In 2016, Adobe developed a technology that was best described as “Photoshop for audio.” It would be able to change words in a voiceover simply by typing new words. Sounds scary, right? It was, and Adobe never released it — for good reason.
Called project VoCo, the technology was showcased during Adobe’s “Sneaks” event at its annual MAX conference and immediately turned heads. After MAX, the feedback regarding VoCo was so significant that Adobe felt the need to publish a full blog post about it to defend it.
“It’s a technology with several compelling use cases, making it easy for anybody to edit voiceover for videos or audio podcasts. And, if you have a 20-minute, high-quality sample of somebody speaking, you may even be able to add some new words and phrases in their voice without having to call them back for additional recordings,” Mark Randall wrote, focusing on the positives of the technology.
“That saves time and money for busy audio editors producing radio commercials, podcasts, audiobooks, voice-over narration and myriad other applications. But in some cases, it could also make it easier to create a realistic-sounding edit of somebody speaking a sequence of words they never actually said.”
Randall would go on to argue that new technology like this, while it might be controversial or scary, has many positive effects, too. While admitting that “unscrupulous people might twist [it] for nefarious purposes,” he goes on to defend developing the technology because of the good it can do.
“The tools exist (Adobe Audition is one of them) to cut and paste speech syllables into words, and to pitch-shift and blend the speech so it sounds natural,” he argued.
“Project VoCo doesn’t change what’s possible, it just makes it easier and more accessible to more people. Like the printing press and photograph before it, that has the potential to democratize audio editing, which in turn challenges our cultural expectations, and sparks conversation about the authenticity of what we hear. That’s a great thing.”
While Adobe may have taken this stance initially, VoCo never saw the light of day.

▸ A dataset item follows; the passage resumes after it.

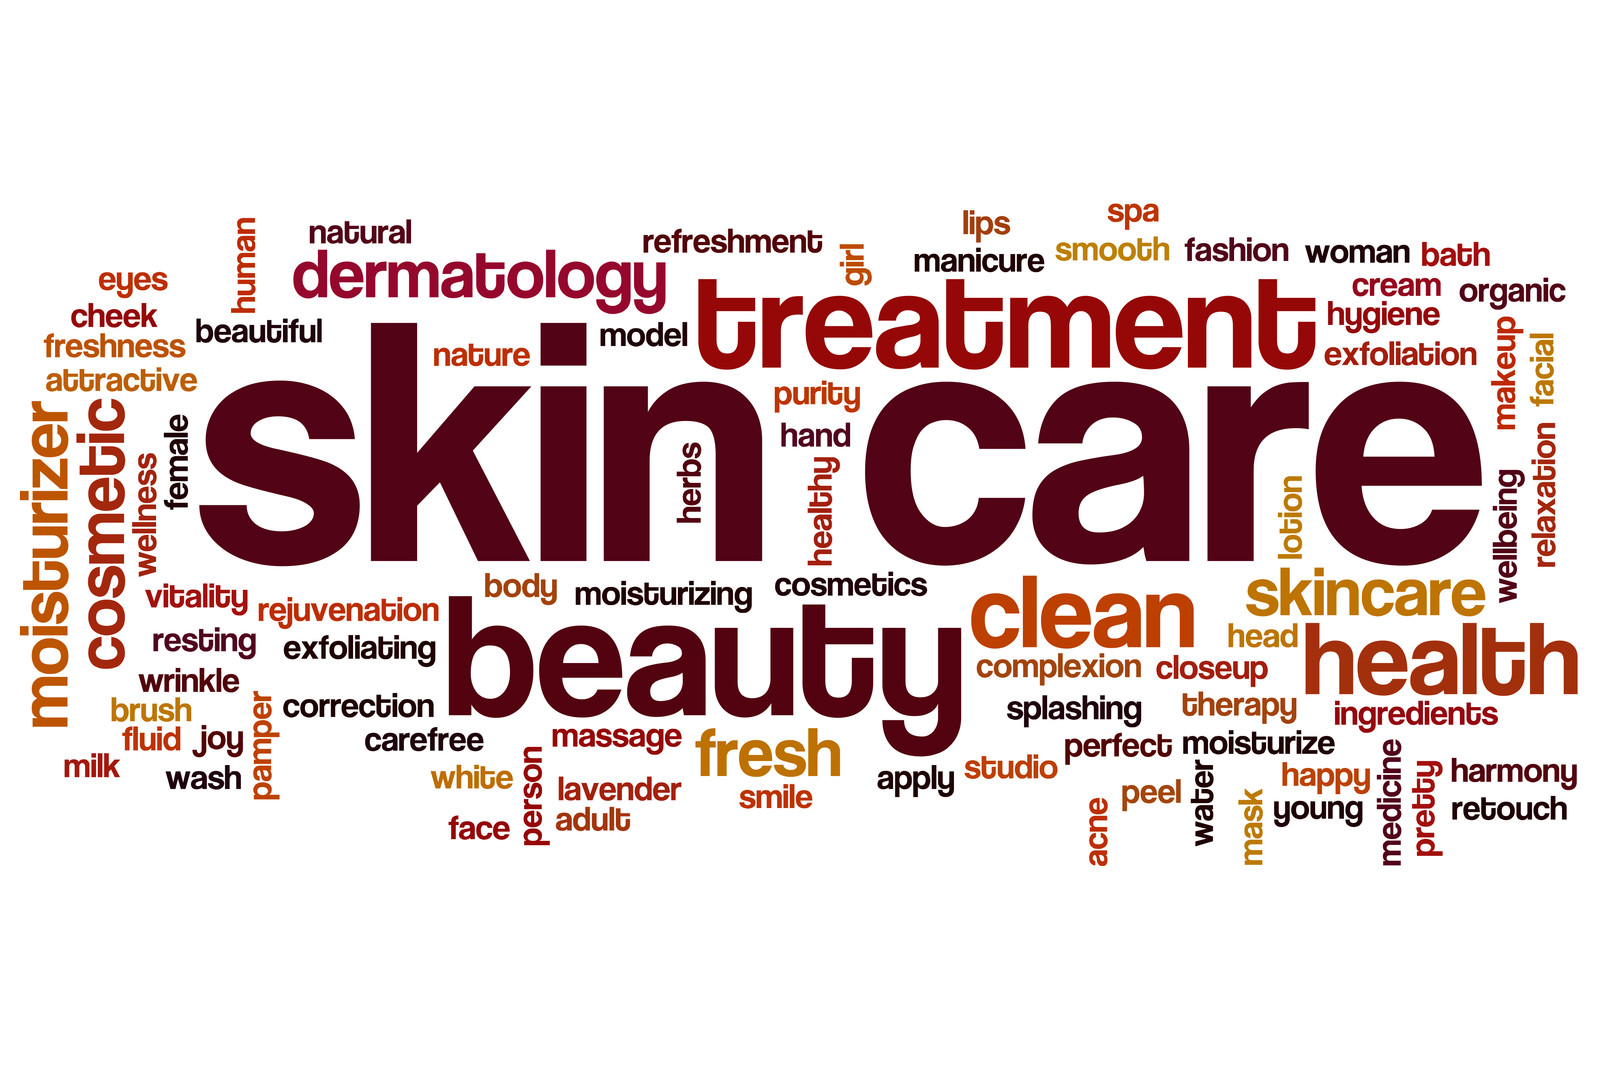 Skincare image

Clearly, Adobe realized that the risk of what VoCo could do would outweigh the benefits. Or, perhaps more likely, Adobe’s legal department just couldn’t stomach the idea of attempting to defend the company when the technology was used to put unseemly words into the mouth of a world leader.
If VoCo was a Risk, What the Heck is Sora?
I vividly remember sitting in the crowd watching the VoCo presentation and thinking, “This cannot be put out there. Any good it could do will be vastly outweighed by the damage it can cause.”
I never thought I would be pointing to Adobe as a shining example of ethics and morality, but here we are. Adobe agreed and VoCo never saw the light of day.
But the folks at OpenAI don’t seem to be driven by the same morality, or at least aren’t afraid of potential legal repercussions. Maybe it’s because the company thinks it can head off any of these issues through coding, but I find myself wondering what ever happened to ethical software development?
I find it hard to believe that at no point in the creation of Sora — a brand new text-to-video artificial intelligence software — someone at OpenAI didn’t raise their hand with concerns about what ramifications this technology would have. Despite this, the company pushed forward, making the active choice to ignore those concerns.
Look, Sora is fascinating. The capabilities of this software which is just in its infancy are already astounding, yet I can’t help but be filled with a sense of dread and foreboding.
If VoCo was deemed too much of a risk, how is Sora not? Just because you can make something doesn’t mean you should.
Back in 2016, VoCo felt like a lot. It was way more advanced than anything we had ever seen before. It was shocking. But now in 2024, AI has seeped into so many parts of daily life and now after more than a year of AI image generators, perhaps people aren’t really realizing what’s happening. We are a frog that doesn’t know it’s being boiled.